When to enable triage

  • Production scans of in-house code where precision matters more than the per-scan cost. The precision lift from 0.897 → 1.000 on our corpus is meaningful for developer experience — three fewer FPs to triage per scan.
  • Customer-facing SaaS scans where you want the tightest possible FP rate and have per-scan revenue to cover the Opus cost.
  • Research / benchmarking where you need to compare Whitney against commercial scanners with their own LLM layers (Snyk DeepCode AI, Semgrep Multimodal).

Troubleshooting

"Triage enabled but nothing is being suppressed."

  1. Check that WHITNEY_STRICT_JUDGE_PROMPTS=1 is exported (not just set in a subshell).
  2. Check that the files actually contain a judge function. Run py -3.12 -c "from whitney.code.llm_triage import find_judge_functions; print(find_judge_functions(open('your_file.py').read()))" — if the list is empty, the judge function isn't being detected.
  3. Check the cache at ~/.whitney/triage_cache.json. Old cached broken verdicts may need to be cleared after a heuristic update.

"Triage is suppressing findings it shouldn't."

  1. Inspect the suppression annotation in finding details: f.details["suppressed_by_llm_triage"].
  2. If using real mode, the reasoning field will contain Opus's one-sentence explanation. Judge whether you agree.
  3. If using mock mode, the mock's heuristic is necessarily less precise than Opus. Consider switching to real mode for production.
  4. If Opus is producing wrong verdicts, file an issue with the function_source context so the prompt can be refined.

"Triage is slow / hitting the 50-call cap."

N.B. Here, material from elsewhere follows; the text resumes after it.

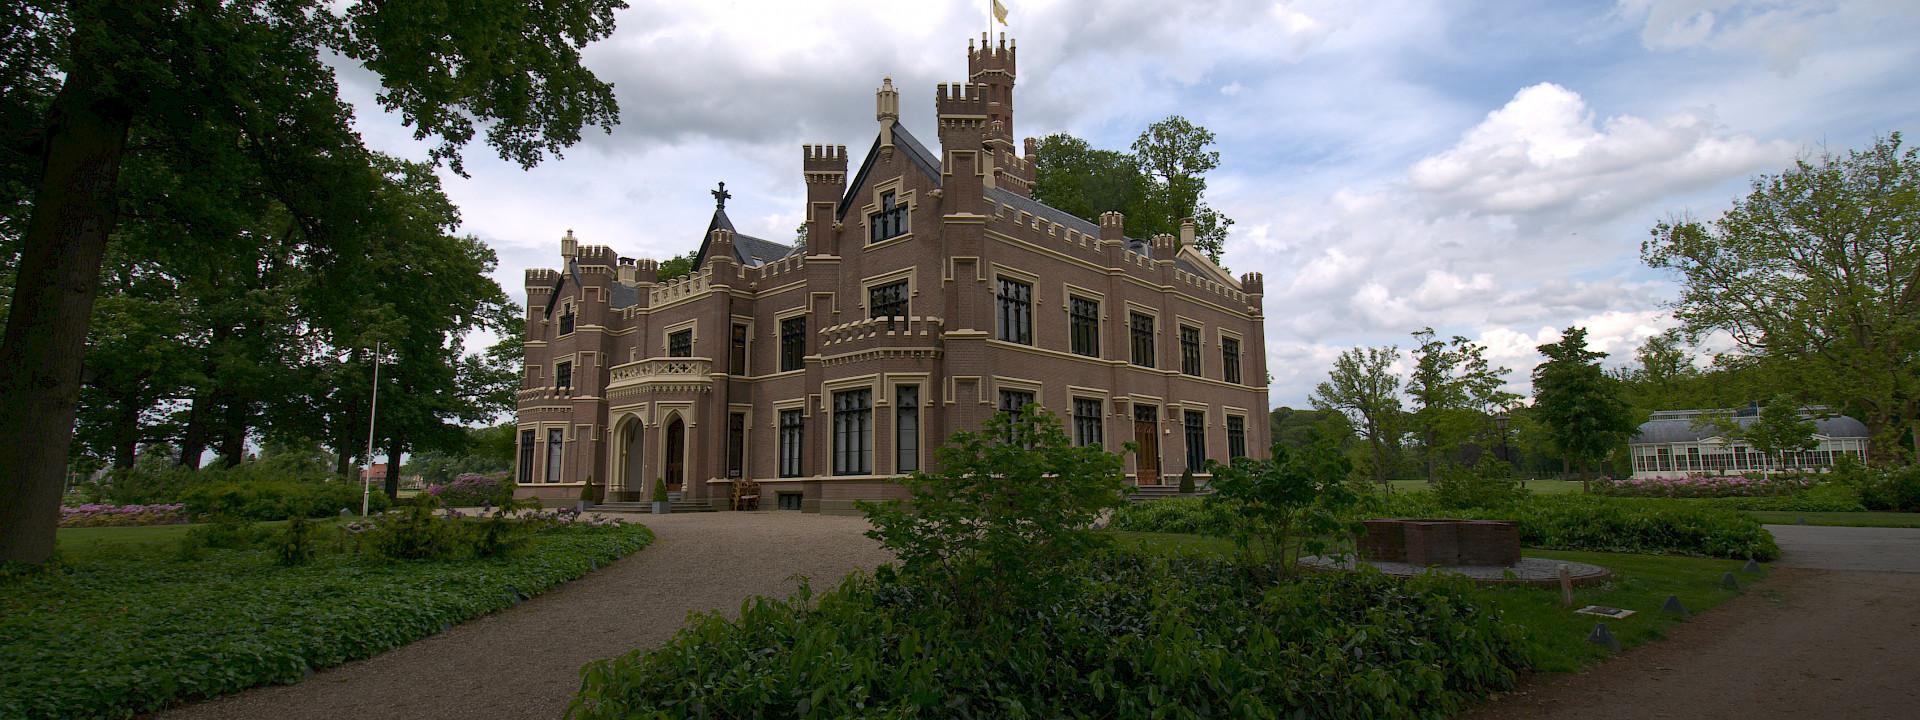 Schaffelaar Castle - Barneveld, Holland - photo by via Flickr: Ferdi's - World
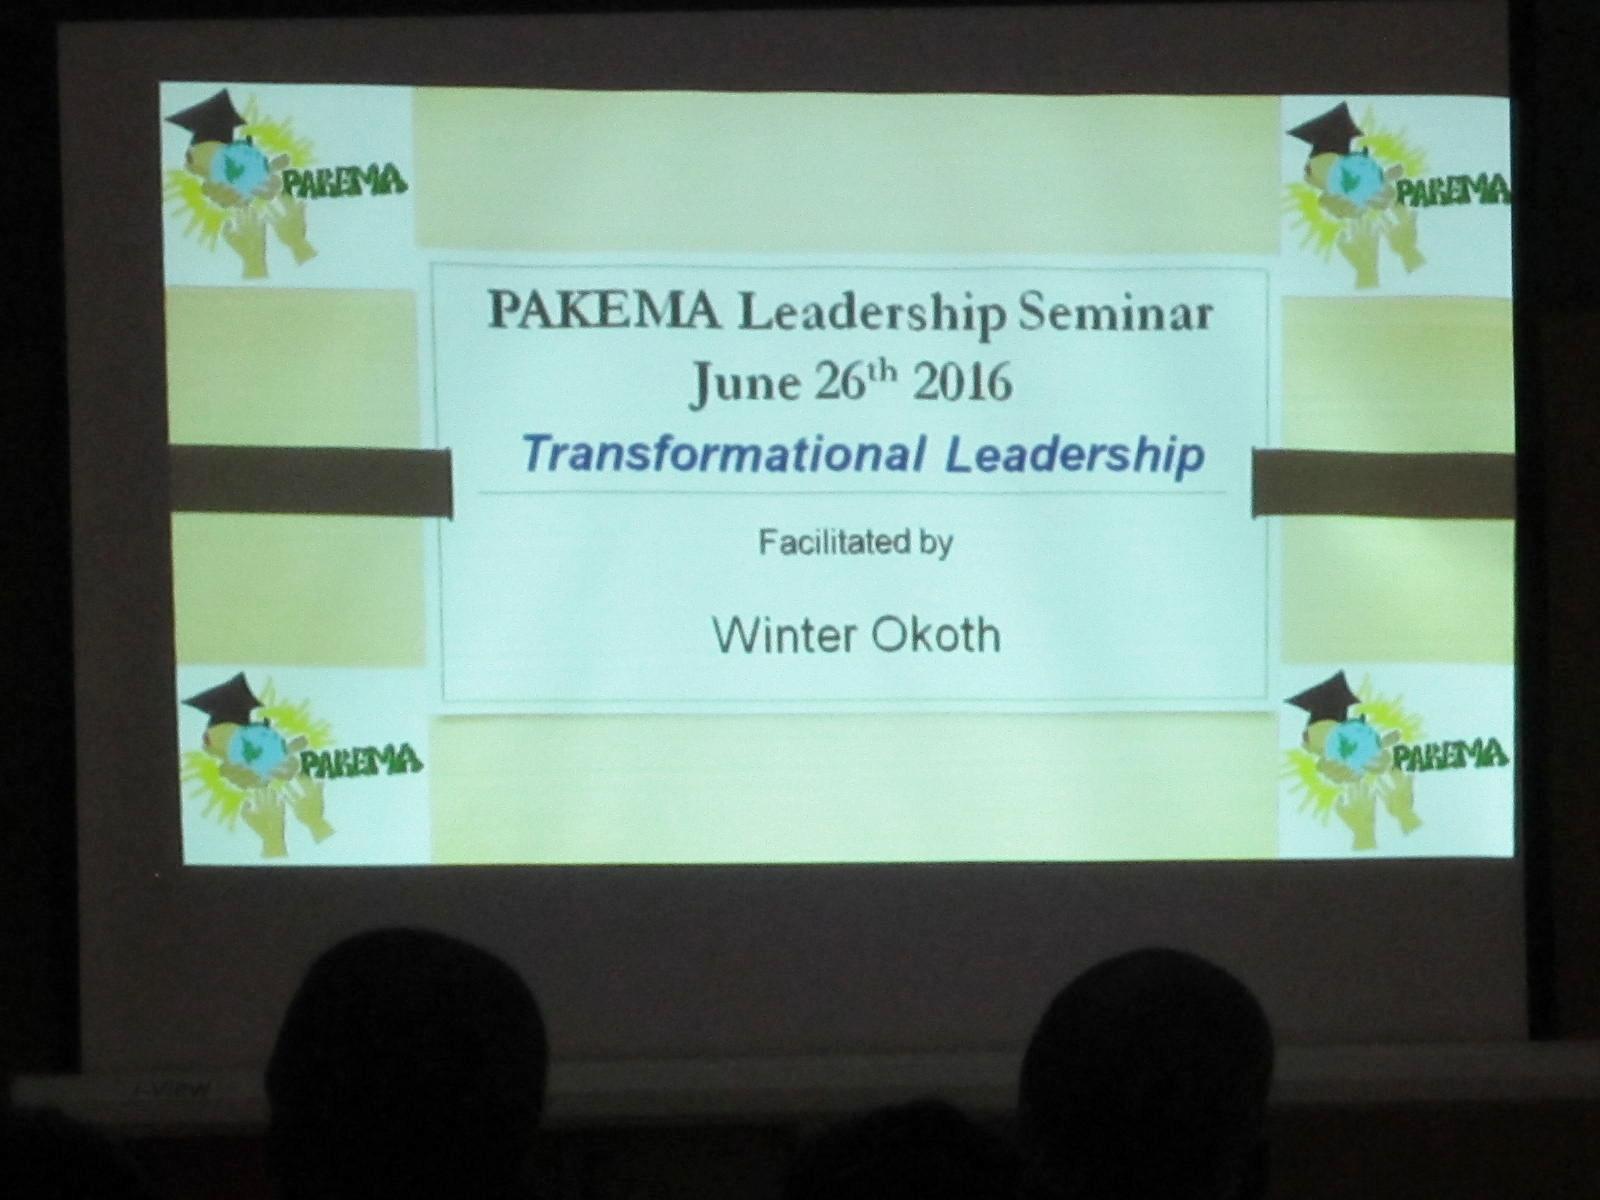 PAKEMA Leadership Seminar 2016

  1. The cache should make warm runs fast. Verify cache is being written to ~/.whitney/triage_cache.json.
  2. Check that your scan isn't hitting the same judge function repeatedly via multiple findings — the per-file cache avoids this but per-scan cap applies to unique classification calls.
  3. Bump MAX_TRIAGE_CALLS_PER_SCAN if legitimately needed, but be aware of cost implications.

Implementation reference

All triage logic lives in src/whitney/code/llm_triage.py. The module is ~470 lines, single file, no external dependencies beyond anthropic (which is optional — mock mode runs without it).

Key functions:

  • is_triage_enabled() — checks WHITNEY_STRICT_JUDGE_PROMPTS env var
  • is_mock_mode() — checks WHITNEY_TRIAGE_MOCK env var
  • find_judge_functions(source_code) — AST-based judge extraction
  • classify_judge_function(function_source) — cache-first classifier
  • apply_llm_triage_to_findings(findings, scan_root) — public entry point called from scanner.py

The scanner wiring is a 15-line block in src/whitney/code/scanner.py that runs after enrich_findings_with_ai_controls and before returning findings to the caller. When the env var is unset, the wiring is a no-op branch that never imports or executes any triage code.